* **PROBLEM TO SOLVE**
In the records below, the relevant part opens with the line containing "Ketut Liyer, famoso" and closes with the line containing "Urbanistyczna strategia Cities: Skylines"; print that part exactly and only, without its pictures.

* **SOURCE DATA**
================

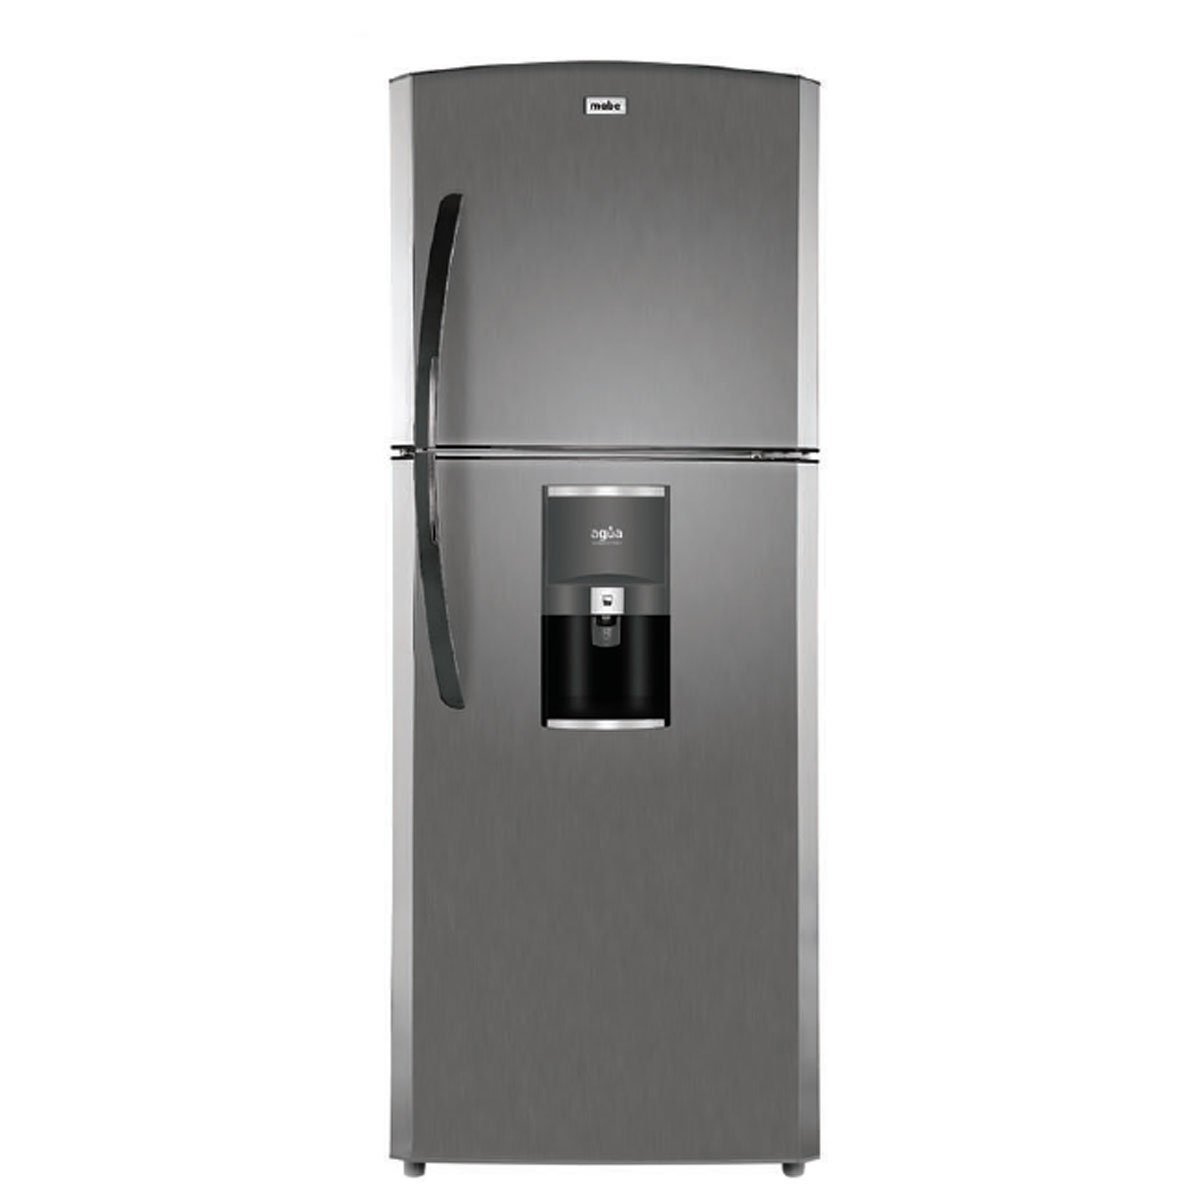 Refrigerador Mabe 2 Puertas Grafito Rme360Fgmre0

================

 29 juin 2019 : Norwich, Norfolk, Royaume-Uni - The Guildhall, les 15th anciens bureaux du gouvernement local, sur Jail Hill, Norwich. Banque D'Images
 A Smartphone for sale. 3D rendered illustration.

================

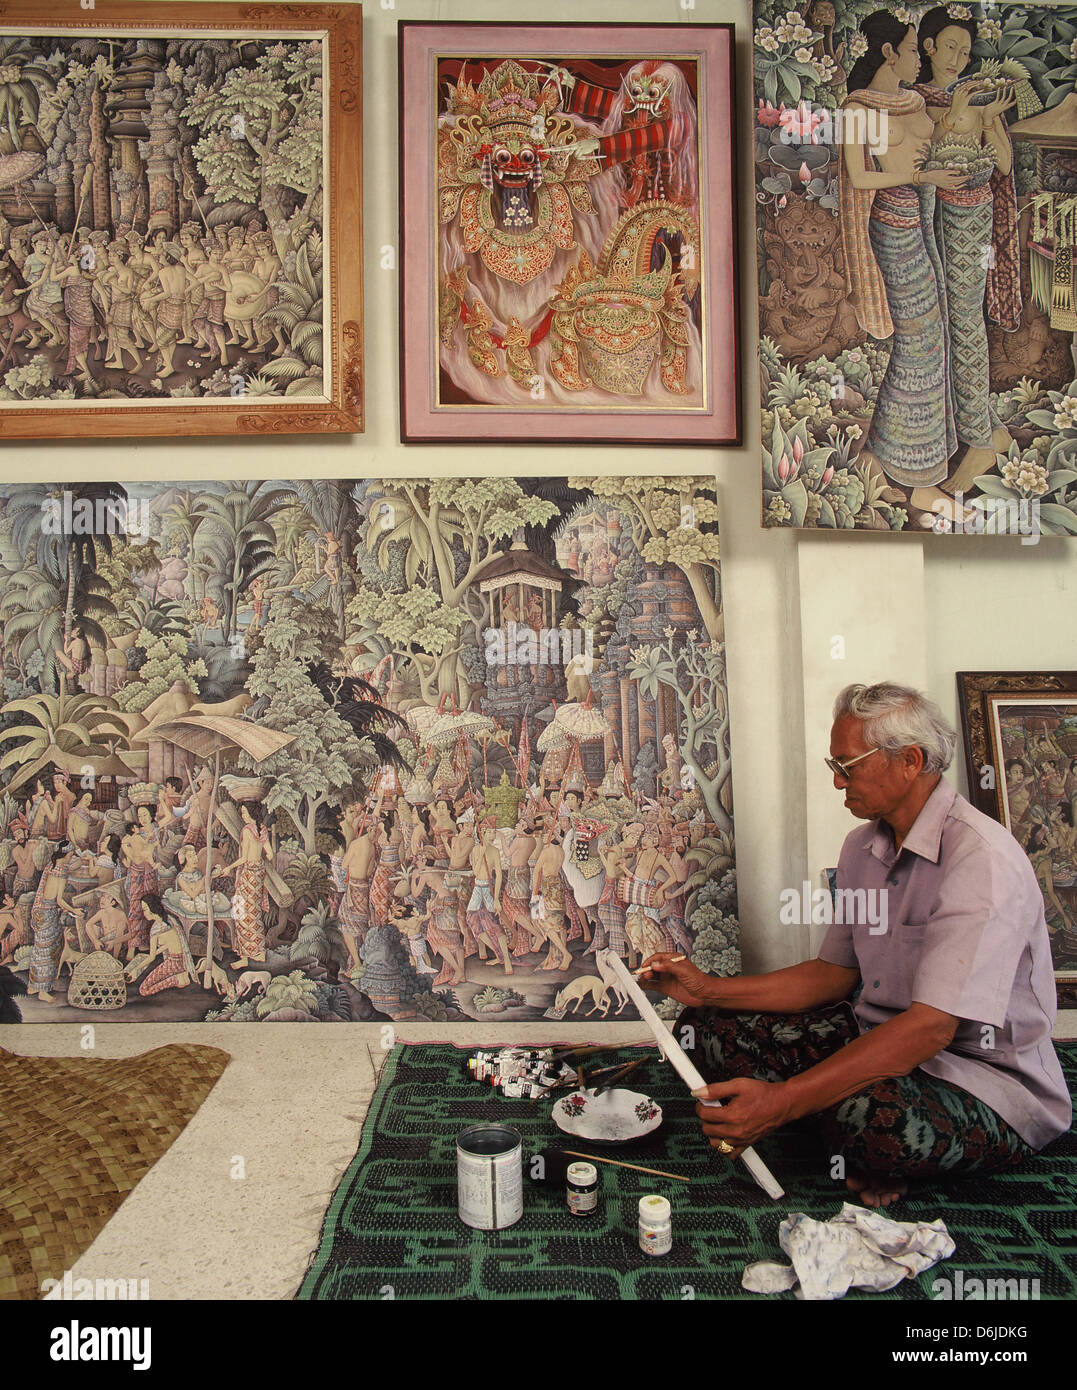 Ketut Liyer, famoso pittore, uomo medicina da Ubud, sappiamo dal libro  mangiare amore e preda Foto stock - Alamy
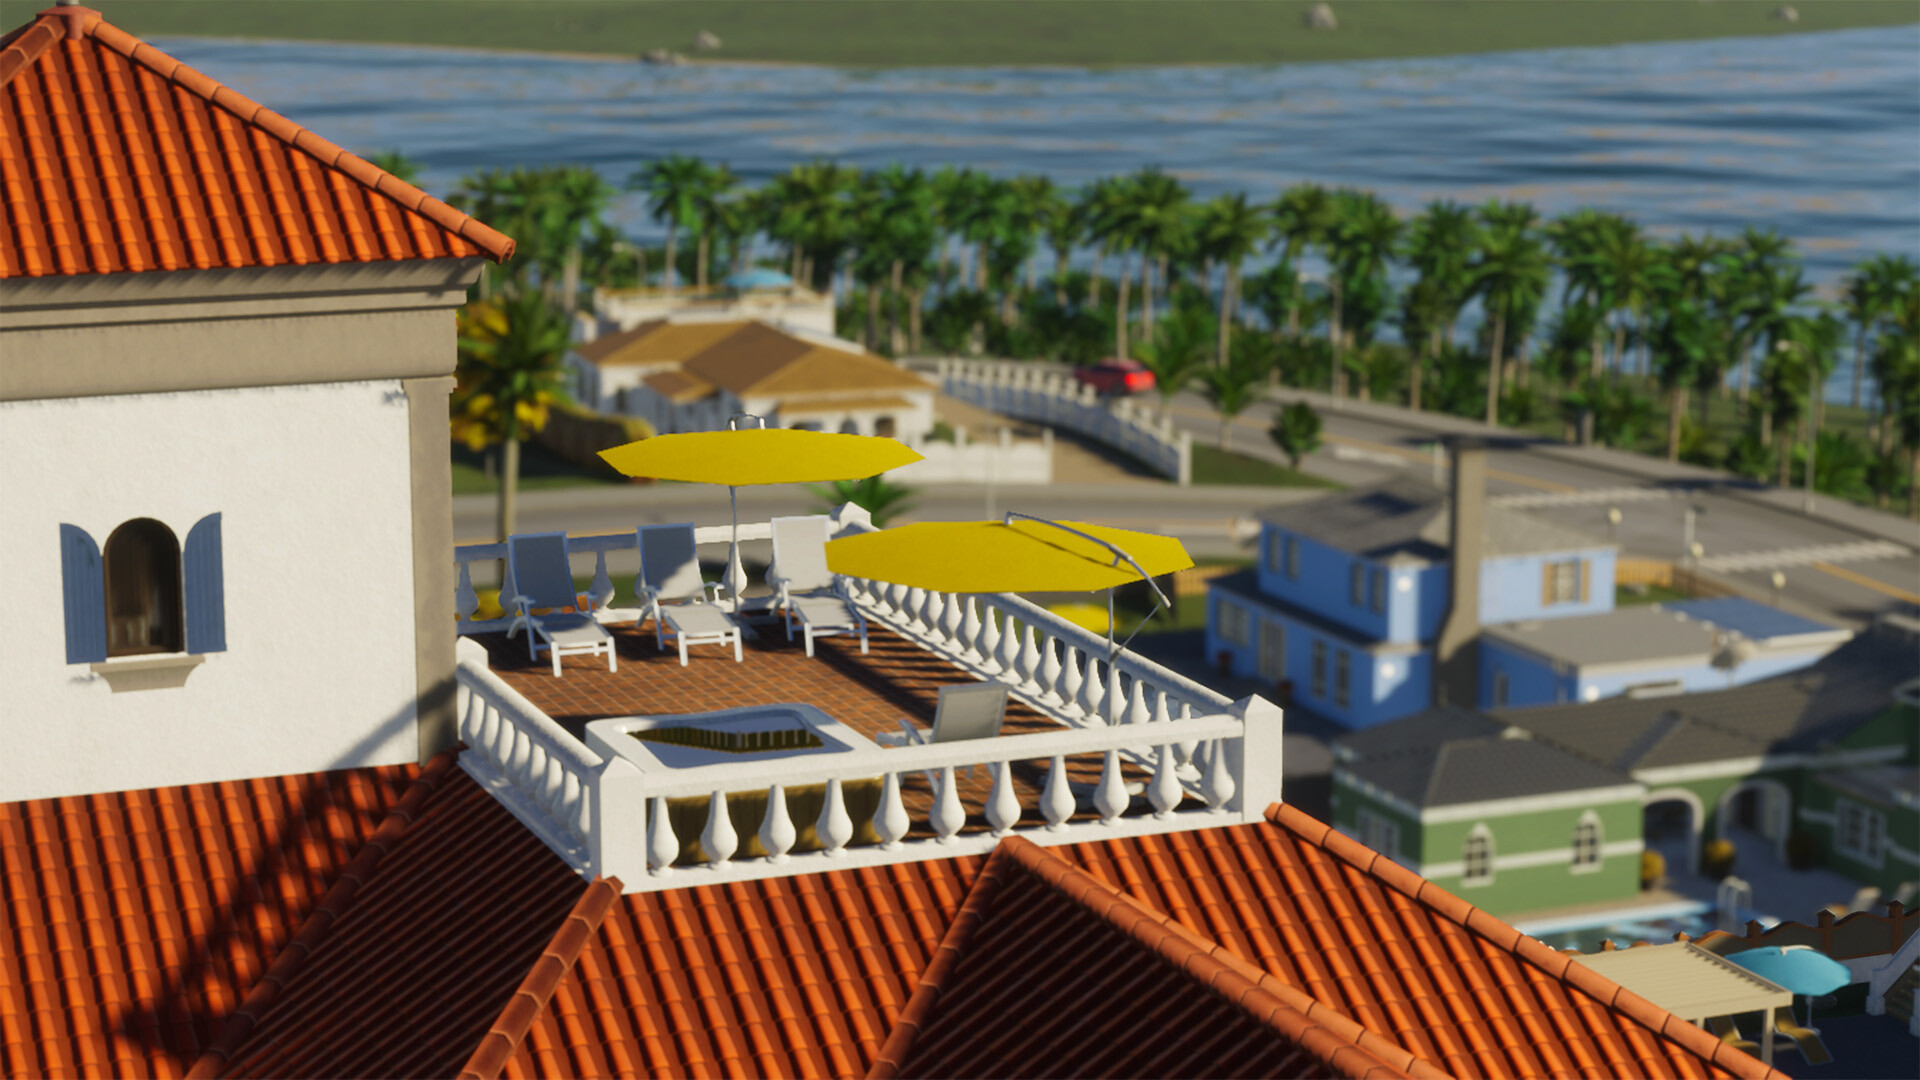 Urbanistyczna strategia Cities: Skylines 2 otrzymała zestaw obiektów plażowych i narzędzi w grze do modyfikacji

================

* **ANSWER BELOW**
 Ketut Liyer, famoso pittore, uomo medicina da Ubud, sappiamo dal libro  mangiare amore e preda Foto stock - Alamy
 Urbanistyczna strategia Cities: Skylines 2 otrzymała zestaw obiektów plażowych i narzędzi w grze do modyfikacji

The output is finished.